Llegamos al puerto y ante nosotros se elevan varios edificios de pisos modernos.
- Esta es la idea que tiene el Ayuntamiento de regenerar la zona: plantar pisos de lujo al borde del mar. Dime, ¿qué beneficio supone eso para el barrio?
Bob se queda parado, mirándome con ojos inquisitivos, que brillan de enfado. Luego señala a un cuatro por cuatro que gira en la rotonda, conducido por una mujer y con un niño sentado en una silla en el asiento trasero, y que desaparece a través de la puerta mecánica de uno de los edificios modernos.
- ¿Ves? – me grita Bob, golpeándome el brazo con la mano- No necesitan ni apearse del coche. Vienen en sus coches, que son como tanques, con la maleta llena de cosas que han comprado en el Marks&Spencer, aprietan el botón y se meten en el edificio y beben vino sentados frente a las ventanas que dan al mar.

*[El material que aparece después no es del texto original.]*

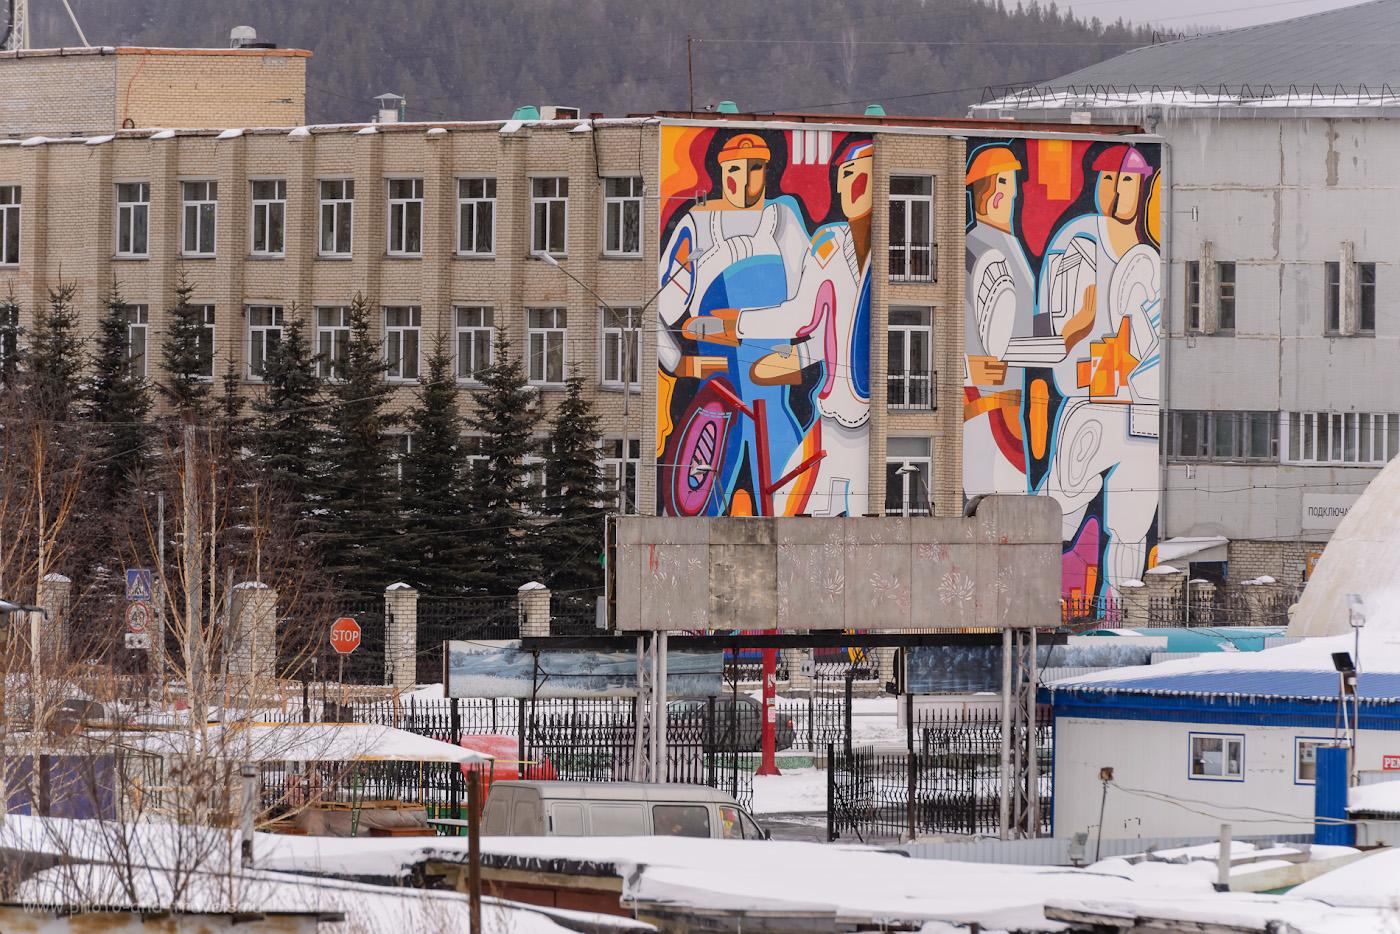 Фотография 16. Современные граффити в Сатке. Как мы путешествуем на авто по Челябинской области. Маршрут поездки. Отчет туристов из Екатеринбурга. Идем смотреть «Серп и молот». 1/640, 6.3, 560, 280.

- A ver, ¿a ti te gusta aquello? – Bob señala la gigantesca estructura metálica y circular de la estación de gas en desuso, que domina la vista al oeste-.
Como siempre que se dirige a mí, me parece que su pregunta tiene trampa. Así que, tras pensármelo un poco, murmuro: sí.
- A mí me parece un insulto a la mirada. Eso me parece. Aun así, no quiero que la demuelan, ¿sabes por qué? Porque necesitamos un recordatorio de la gente de Granton que ha trabajado como un perro durante años. ¿Sabes que en aquí se inauguró el primer ferry para trenes del mundo? ¿Te imaginas la actividad del puerto en aquella época? ¿Sabes que una de las fábricas de coches más antiguas del Reino Unido, está detrás de esa esquina?
Bob abre la lata de cerveza que ha sacado de una bolsa de plástico y le pega un sorbo. Luego la deja sobre el murete del paseo marítimo y se lía un cigarrillo.
- Ahora ya hay parados de tercera generación en este barrio- me dice-. ¿Qué pueden esperar los jóvenes? Esto –dice, levantando la lata de cerveza- y esto –y sacude el cigarrillo todavía apagado-.
Luego, nos quedamos callados. Por encima de nosotros una bandada de gansos forma una uve imperfecta entre graznidos furiosos y cruza el estuario hacia el norte.